The upfront costs of a cloud-first strategy can look a bit iffy. But remember, pricing by cloud providers is transparent. You pay a set price per amount used.

By contrast, the costs to maintaining a physical server can add up. Aside from the equipment, rental space, cooling, IT staff, and more, maintaining a server can be an expensive endeavour. On top of that, you have to consider the costs of upgrading, which is not an infrequent event.

Reliability

If you maintain physical servers, someone must maintain them. For SMBs, it’s not at all unlikely that you only have one or two people to do so. Imagine having a service problem when your IT person is on vacation. The reality of hardware is that it has downtime, and the reality of managing an SMB is that paying for someone to be on call 24/7 can be a little much.
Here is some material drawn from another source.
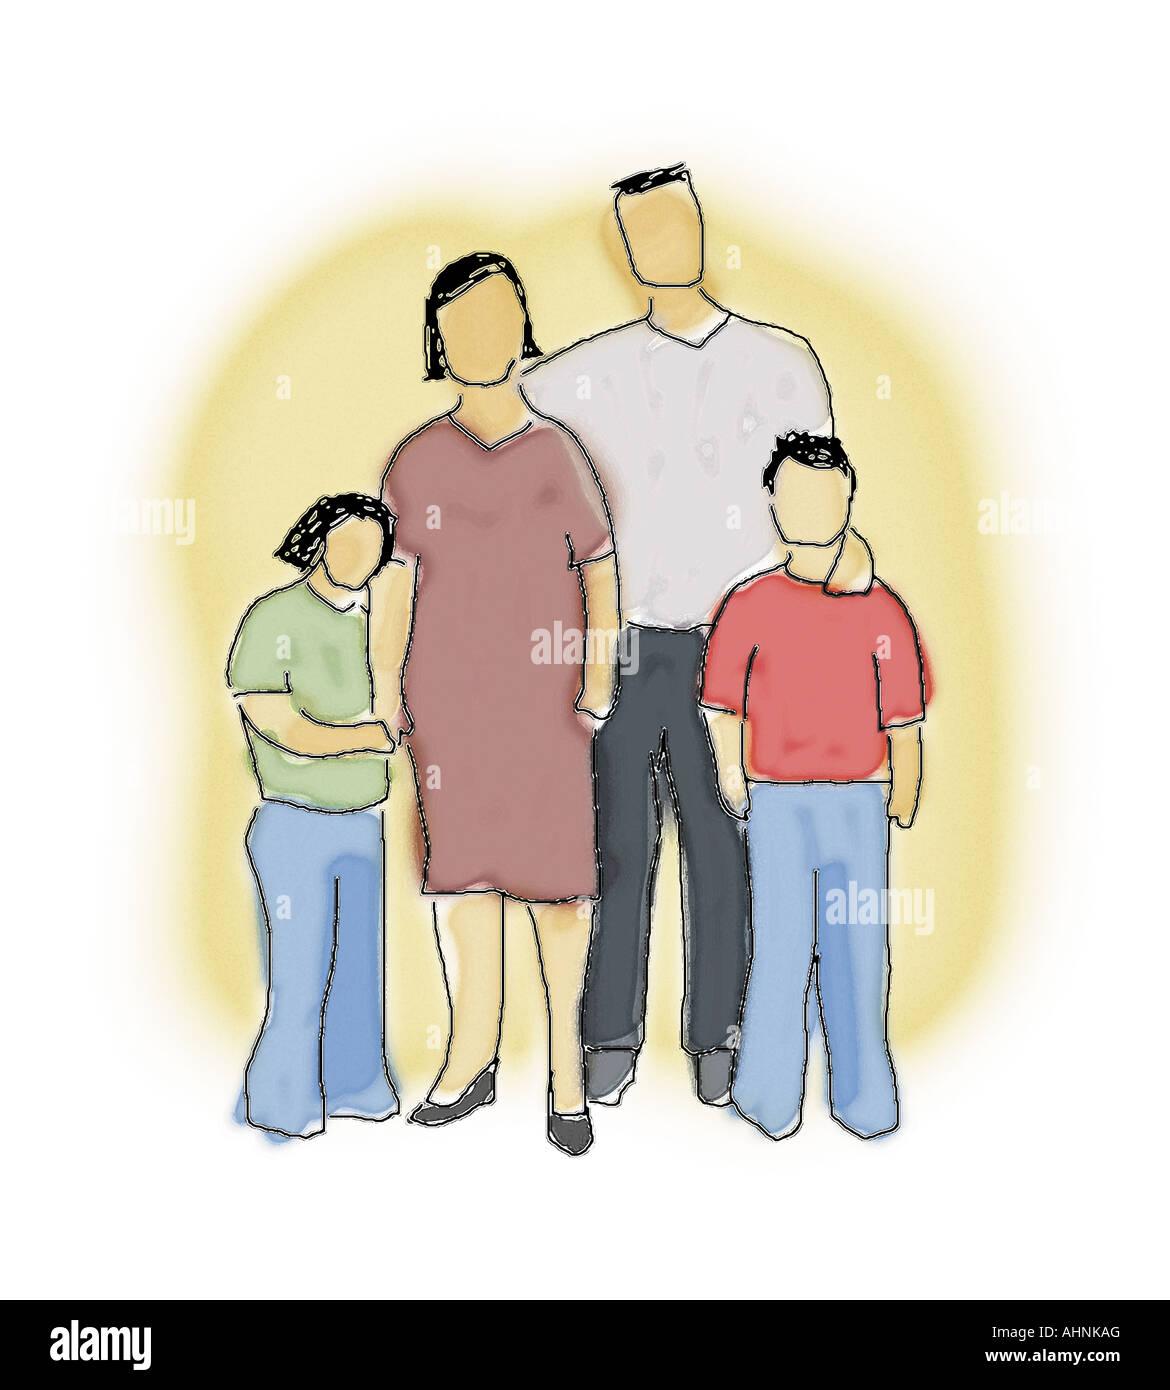 nuclear family cartoon stock photos nuclear family cartoon stock
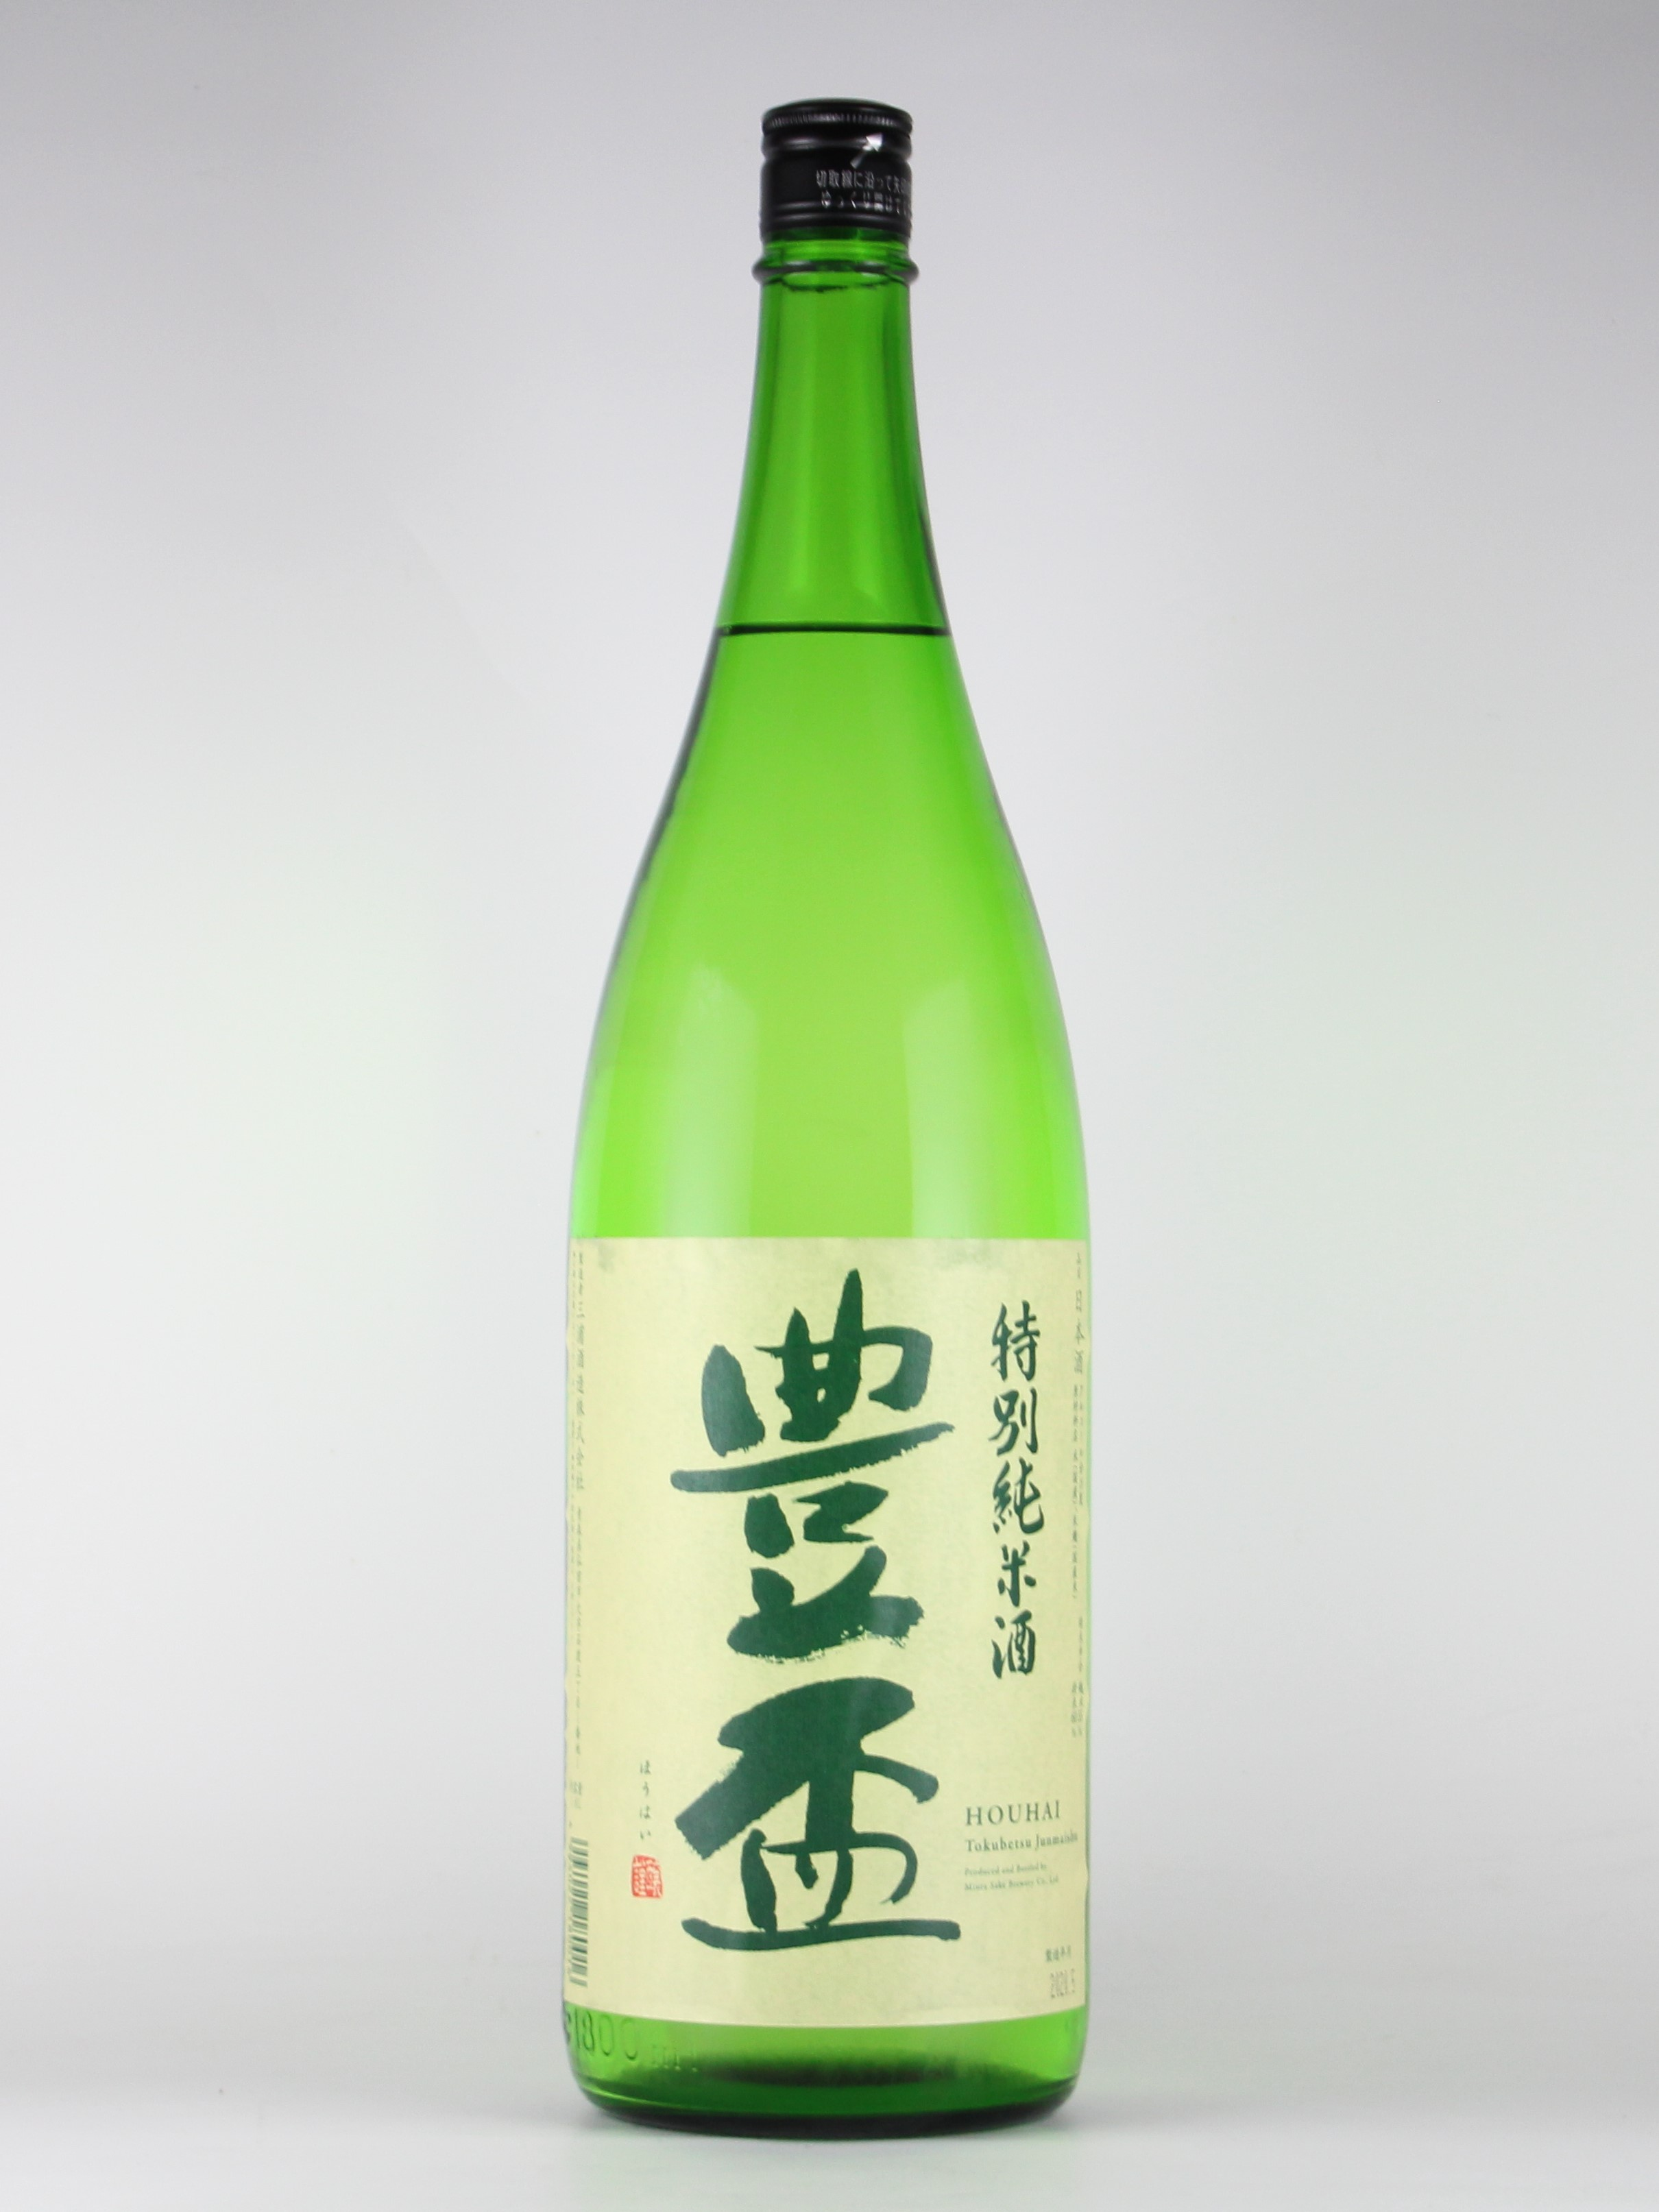 豊盃 特別純米 豊盃米 1800ml 【青森/三浦酒造】

By choosing a cloud-first strategy, you solve this problem. The cloud provider takes care of service and maintenance 24/7. If there’s a problem on a server after you’ve left for the day, you don’t have to worry about getting called back in to solve it. The cloud provider solves the problem.

Scalability

The biggest benefit of cloud computing is scalability, no question. Your cloud provider can bump you up to the next service tier with a phone call, a click of a button, or even automatically if they’re detecting that you need additional resources. Traffic spikes or applications with high computational needs aren’t a problem. If you need more capacity, you pay more and get it right away.

It’s Time to Embrace the Cloud

Whether you’re just storing information or you’re running powerful applications, a cloud-first strategy offers benefits such as superior configurability, smarter disaster-proofing, and a better ability to scale than running physical servers. If you’re a small or medium-sized business, you need every possible advantage, and a cloud-first strategy offers these major advantages.